Ilaria Manco

I am a Research Scientist in the Magenta team at Google DeepMind, working on music understanding and generation with a focus on interactive, real-time generative models.

Research & Background

I completed my PhD at the UKRI Centre for Doctoral Training in Artificial Intelligence and Music (AIM) at Queen Mary University of London, in collaboration with Universal Music Group. My research focused on developing multimodal deep learning methods to enable automatic music understanding by learning richer representations from language and audio.

Throughout my PhD, I have also spent time as a Student Researcher with the Magenta team at Google DeepMind and completed research internships at Adobe in San Francisco, Sony R&D in Tokyo and The Alan Turing Institute in London (as an Engage student).

Previously, I worked as a data scientist and machine learning engineer, and obtained an MSci in Physics from Imperial College London. For my master, I specialised in complex systems and computational physics, with a thesis on spatial scaling in human mobility models.

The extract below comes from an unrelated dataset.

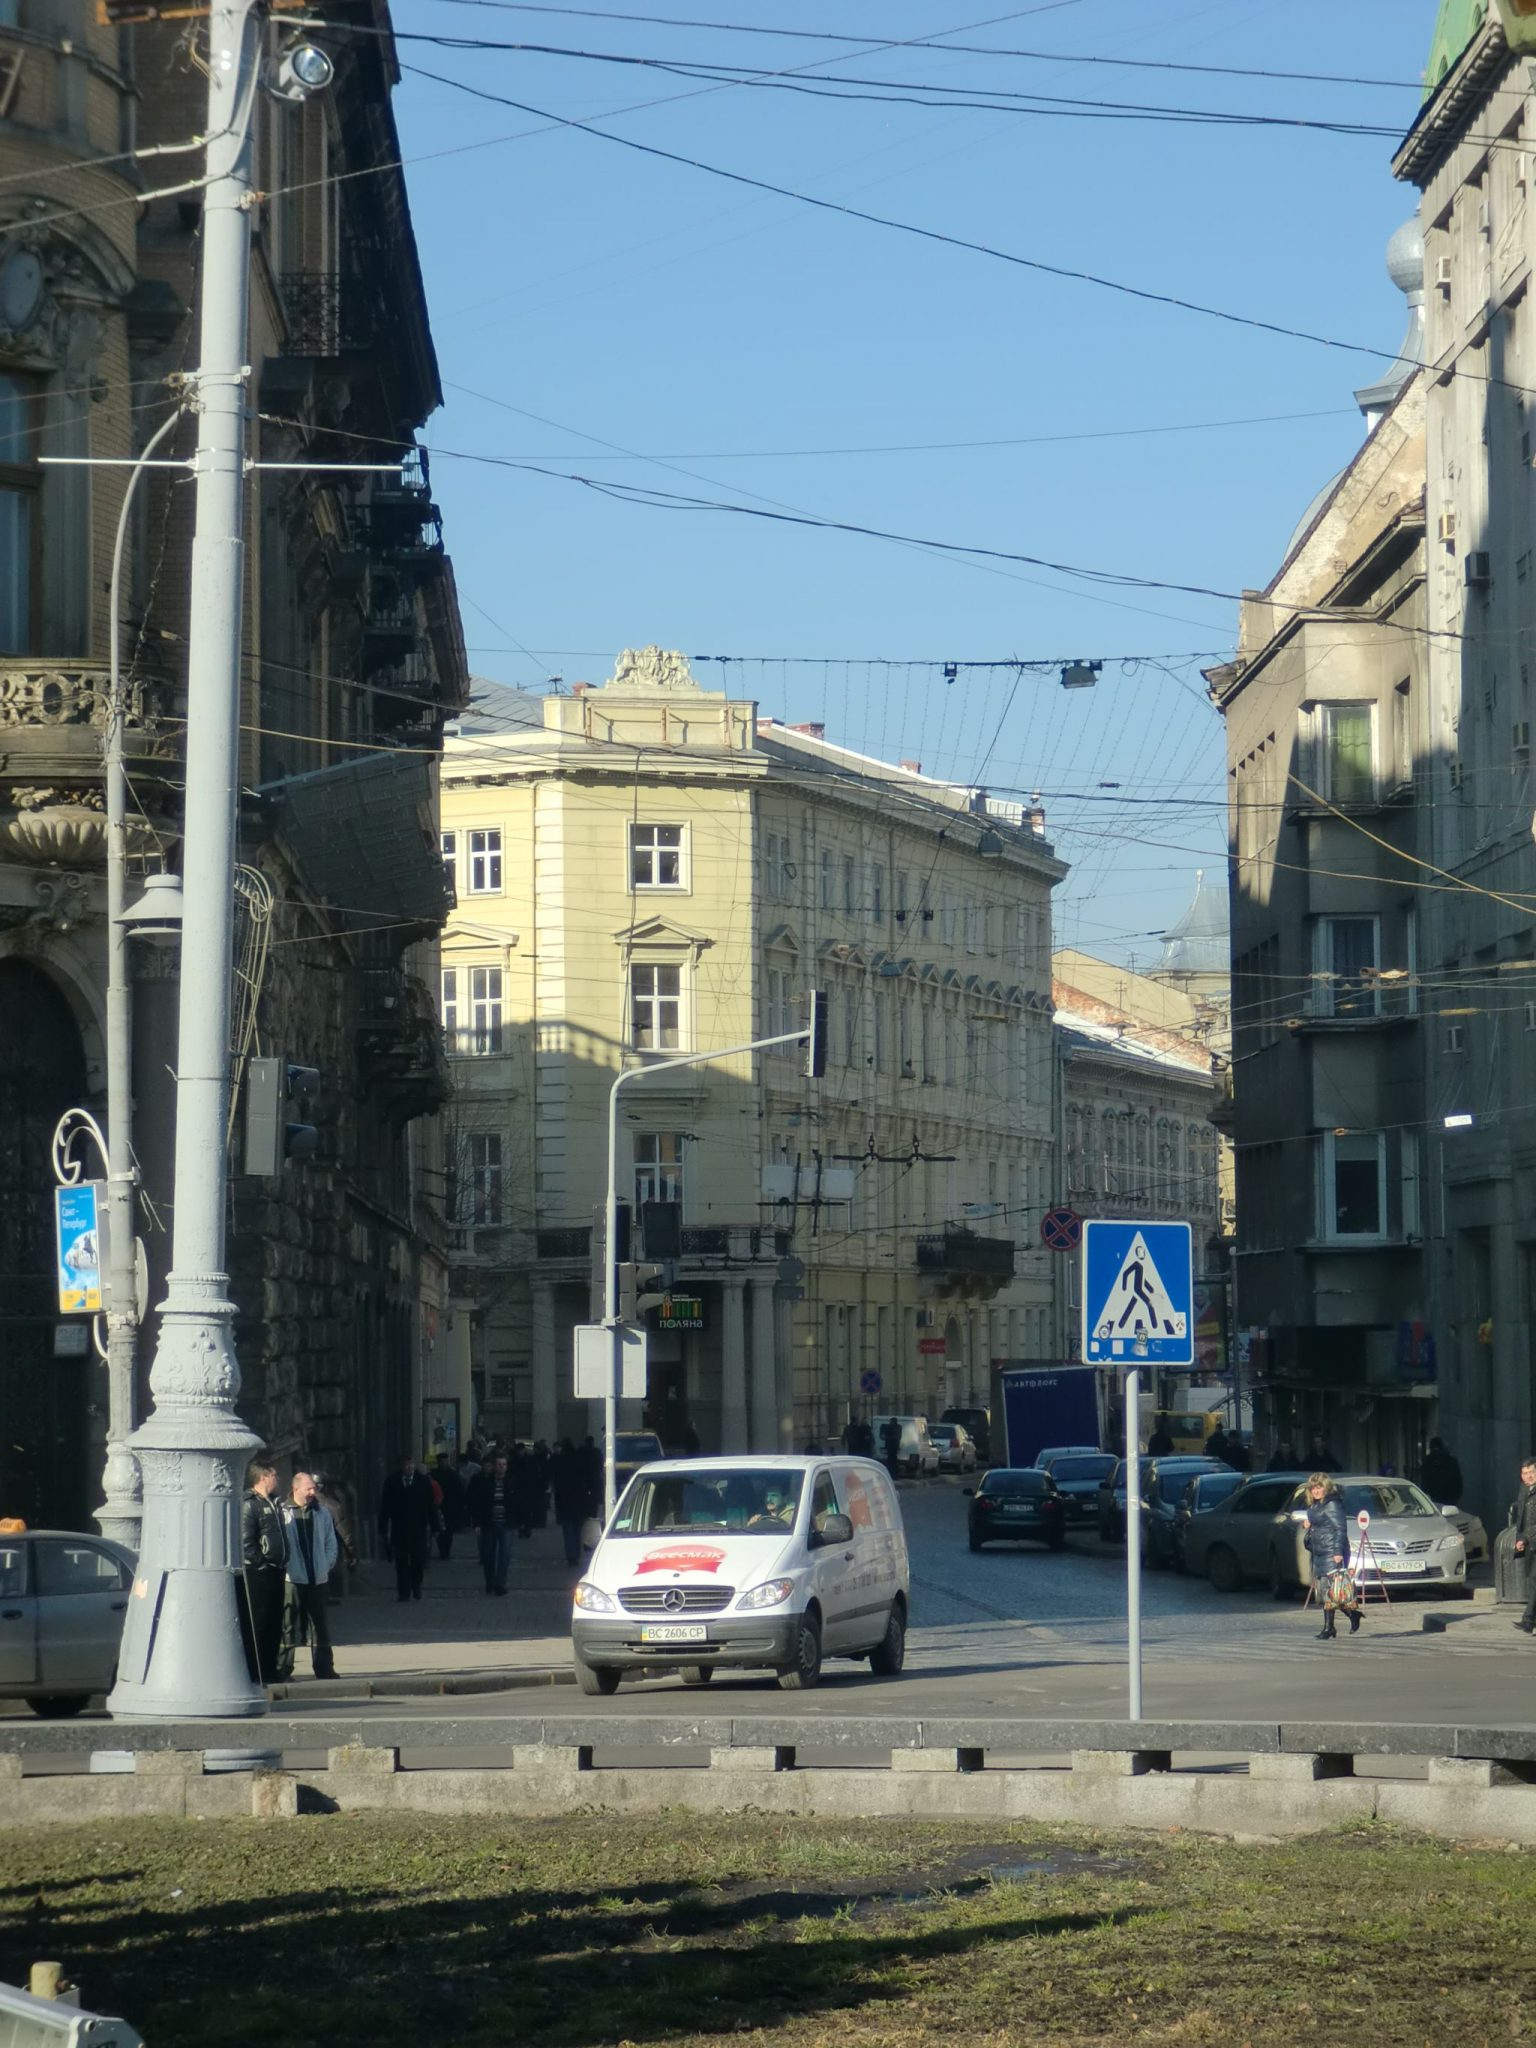 Lviv buildings 6 - Lviv, the Ukrainian pearl

When I take off my researcher hat, I enjoy doing all things related to electronic music: I DJ, produce, and host a monthly radio show focussed on experimental dance music.

Latest Updates

DEC 2025

Invited talk at the Workshop on AI for Music at NeurIPS 2025 in San Diego

OCT 2025

Our paper "Live Music Models" has been accepted to the NeurIPS 2025 Creative AI track

JAN 2025

Joined Google DeepMind as a Research Scientist

Older updates
NOV 2024

Defended my PhD thesis "Learning Music Representations from Audio and Language" 🎓

NOV 2024

Presented a tutorial on Connecting Music Audio and Natural Language and two papers at ISMIR 2024 in San Francisco, one of which won a Best Paper Award 🥇

AUG 2024

New survey paper released: Foundation Models for Music: A Survey.

JUL 2024

Presented MuChoMusic at the DMLR workshop @ ICML 2024 in Vienna

JUN 2024

Two papers accepted at ISMIR 2024

DEC 2023

Presented a paper at the Workshop on ML for Audio at NeurIPS 2023 in New Orleans

NOV 2023

Started a Student Researcher position with the Magenta team at Google DeepMind in London

JUL 2023

Joined Adobe Research in San Francisco for a summer internship in the Audio Research Group in San Francisco

DEC 2022

Presented a paper and LBD at ISMIR 2022 in Bangalore

JUL 2022

Started a research internship in Yuki Mitsufuji's lab at Sony R&D in Tokyo

MAY 2022

Presented Learning Music Audio Representations via Weak Language Supervision at ICASSP 2022 in Singapore

DEC 2021

Gave a talk at the Neural Audio Synthesis Workshop

DEC 2021

Gave a talk at the 2021 Intelligent Sensing Winter School

APR 2021

MusCaps paper accepted for oral presentation at IJCNN 2021

FEB 2021

Presented my work at the Alan Turing Institute for the Engage Student Research Showcase

DEC 2020

Co-organised the Digital Music Research Network (DMRN+15) workshop

AUG 2020

Attended the Deep Learning Reinforcement Learning (DLRL) summer school

APR 2020

Awarded a Turing Enrichment Scheme studentship

Selected Publications

Full List →

Live Music Models

Antoine Caillon, Brian McWilliams, Cassie Tarakajian, Ian Simon, Ilaria Manco, Jesse Engel, Noah Constant, Yunpeng Li, Timo I. Denk, Alberto Lalama, Andrea Agostinelli, Cheng-Zhi Anna Huang, Ethan Manilow, George Brower, Hakan Erdogan, Heidi Lei, Itai Rolnick, Ivan Grishchenko, Manu Orsini, Matej Kastelic, Mauricio Zuluaga, Mauro Verzetti, Michael Dooley, Ondrej Skopek, Rafael Ferrer, Savvas Petridis, Zalán Borsos, Äaron van den Oord, Douglas Eck, Eli Collins, Jason Baldridge, Tom Hume, Chris Donahue, Kehang Han, Adam Roberts

39th Annual Conference on Neural Information Processing Systems (NeurIPS) Creative AI Track, 2025

MuChoMusic: Evaluating Music Understanding in Multimodal Audio-Language Models

Benno Weck*, Ilaria Manco*, Emmanouil Benetos, Elio Quinton, György Fazekas, Dmitry Bogdanov

25th International Society for Music Information Retrieval Conference (ISMIR), 2024

[Best Paper Award]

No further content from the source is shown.